On 8 September 2015 at 09:04, Umang Agrawal <umang.i...@gmail.com> wrote:

> Hi All
>
> I am facing a problem with XPathEntityProcessor .
>
> Objective:
> When I index Resource XML file using DIH XPathEntityProcessor then there
> should be 2 solr documents
> 01) Link where id is 1000 with 2 tags ABC and DEF
> 02) Link where id is 2000 with 3 tags GHI, JKL and MNO
>
> Solr Version: 4.10.2
>
> Problem:
> I am not able to index <TAG/> data properly.
>
> Expected Output:
> {
> "id": "1000",
> "field_name": "val1",
> "ABC": "ABC_VALUE",
> "DEF": "DEF_VALUE"
> },
> {
> "id": "2000",
> "field_name": "val2",
> "GHI": "GHI_VALUE",
> "JKL": "JKL_VALUE",
> "MNO": "MNO_VALUE"
> }
>
> ========================================================================================================
>
> Resource XML:
>
> <RESOURCE>
> <LINK ID="1000">
> <FIELD>val1</FIELD>
> <TAG>
> <TAG_CODE>ABC</TAG_CODE>
> <TAG_VALUE>ABC_VALUE</TAG_VALUE>
> </TAG>
> <TAG>
> <TAG_CODE>DEF</TAG_CODE>
> <TAG_VALUE>DEF_VALUE</TAG_VALUE>
> </TAG>
> </LINK>
> <LINK ID="2000">
> <FIELD>val2</FIELD>
> <TAG>
> <TAG_CODE>GHI</TAG_CODE>
> <TAG_VALUE>GHI_VALUE</TAG_VALUE>
> </TAG>
> <TAG>
> <TAG_CODE>JKL</TAG_CODE>
> <TAG_VALUE>JKL_VALUE</TAG_VALUE>
> </TAG>
> <TAG>
> <TAG_CODE>MNO</TAG_CODE>
> <TAG_VALUE>MNO_VALUE</TAG_VALUE>
> </TAG>
> </LINK>
> </RESOURCE>
>
>
> ========================================================================================================
>
> DataConfig XML (TRY 1):
> <dataConfig>
> <script><![CDATA[
> function f1(row) {
> var code = row.get("TAG_CODE");
> var val = row.get("TAG_VALUE");
> row.put(code, val);
> row.remove("TAG_CODE");
> row.remove("TAG_VALUE");
> return row;
> }
>     ]]></script>
>     <dataSource type="URLDataSource" />
>     <document>
>         <entity name="testdata" url="http://host:port/uri";
>                 processor="XPathEntityProcessor" forEach="/RESOURCE/LINK">
> <field column="id" xpath="/RESOURCE/LINK/@ID" />
>             <field column="field_name" xpath="/RESOURCE/LINK/FIELD" />
> <entity name="testdata" url="http://host:port/uri";
>                 processor="XPathEntityProcessor"
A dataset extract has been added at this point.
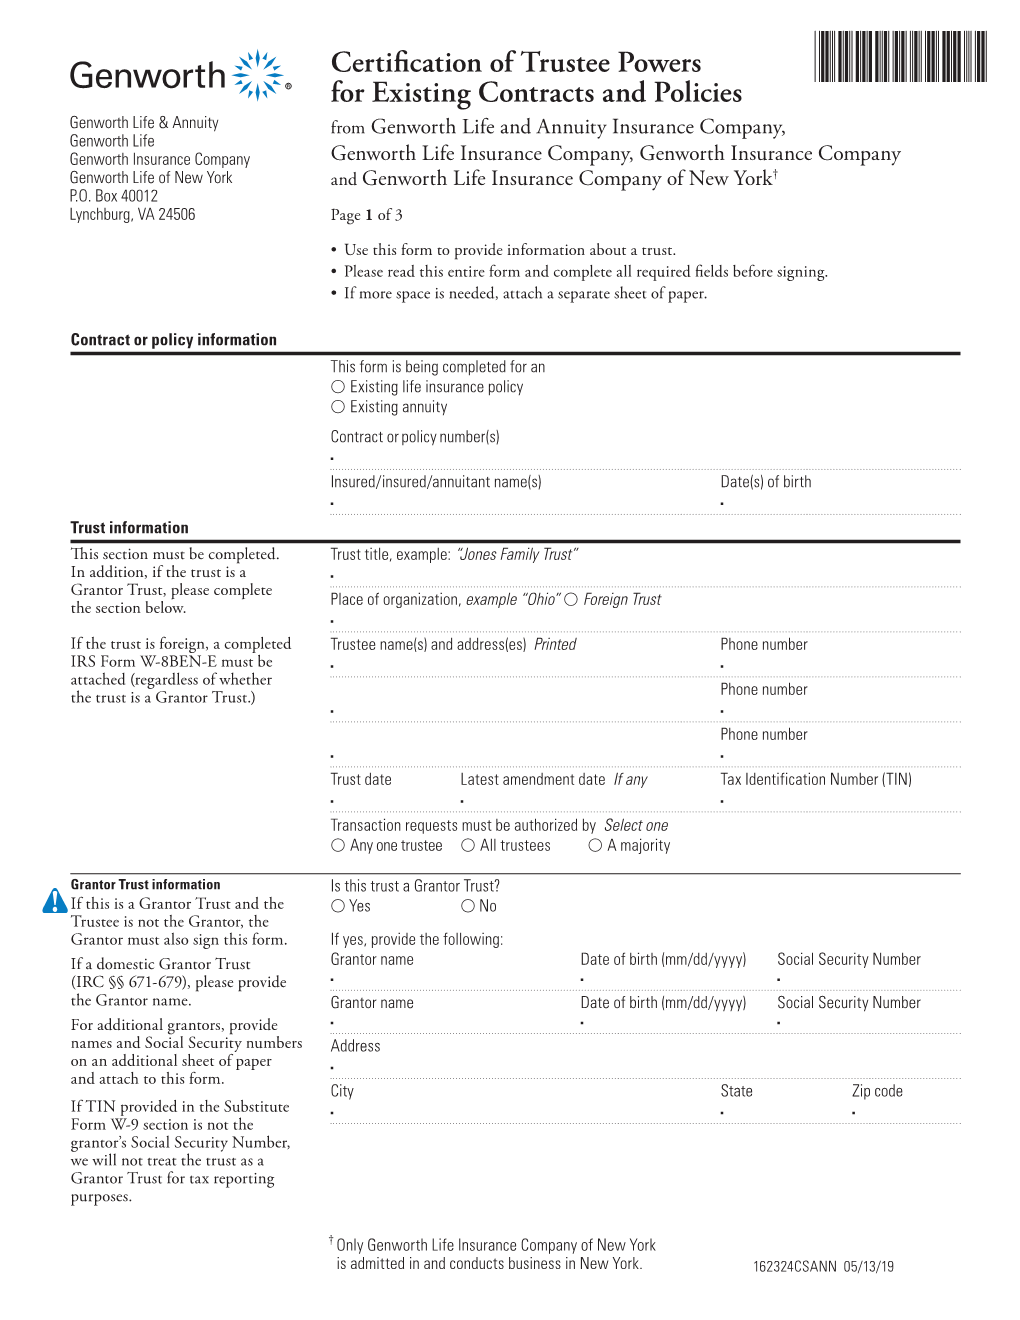 Certification of Trustee Powers for Existing Contracts and Policies Page 2 of 3

> forEach="/RESOURCE/LINK/TAG" transformer="script:f1">
> <field column="TAG_CODE" xpath="/RESOURCE/LINK/TAG/TAG_CODE" />
> <field column="TAG_VALUE" xpath="/RESOURCE/LINK/TAG/TAG_VALUE" />
> </entity>
>         </entity>
>     </document>
> </dataConfig>
>
> Output:
> {
> "id": "1000",
> "field_name": "val1",
> "ABC": "ABC_VALUE",
> "DEF": "DEF_VALUE",
> "GHI": "GHI_VALUE",
> "JKL": "JKL_VALUE",
> "MNO": "MNO_VALUE"
> },
> {
> "id": "2000",
> "field_name": "val2",
> "ABC": "ABC_VALUE",
> "DEF": "DEF_VALUE",
> "GHI": "GHI_VALUE",
> "JKL": "JKL_VALUE",
> "MNO": "MNO_VALUE"
> }
>
>
> ========================================================================================================
>
> DataConfig XML (TRY 2):
> <dataConfig>
> <script><![CDATA[
> function f1(row) {
> var code = row.get("TAG_CODE");
> var val = row.get("TAG_VALUE");
> row.put(code, val);
> row.remove("TAG_CODE");
> row.remove("TAG_VALUE");
> return row;
> }
>     ]]></script>
>     <dataSource type="URLDataSource" />
>     <document>
>         <entity name="testdata" url="http://host:port/uri";
>                 processor="XPathEntityProcessor" forEach="/RESOURCE/LINK">
> <field column="id" xpath="/RESOURCE/LINK/@ID" />
>             <field column="field_name" xpath="/RESOURCE/LINK/FIELD" />
> <entity name="testdata" url="http://host:port/uri";
>                 processor="XPathEntityProcessor"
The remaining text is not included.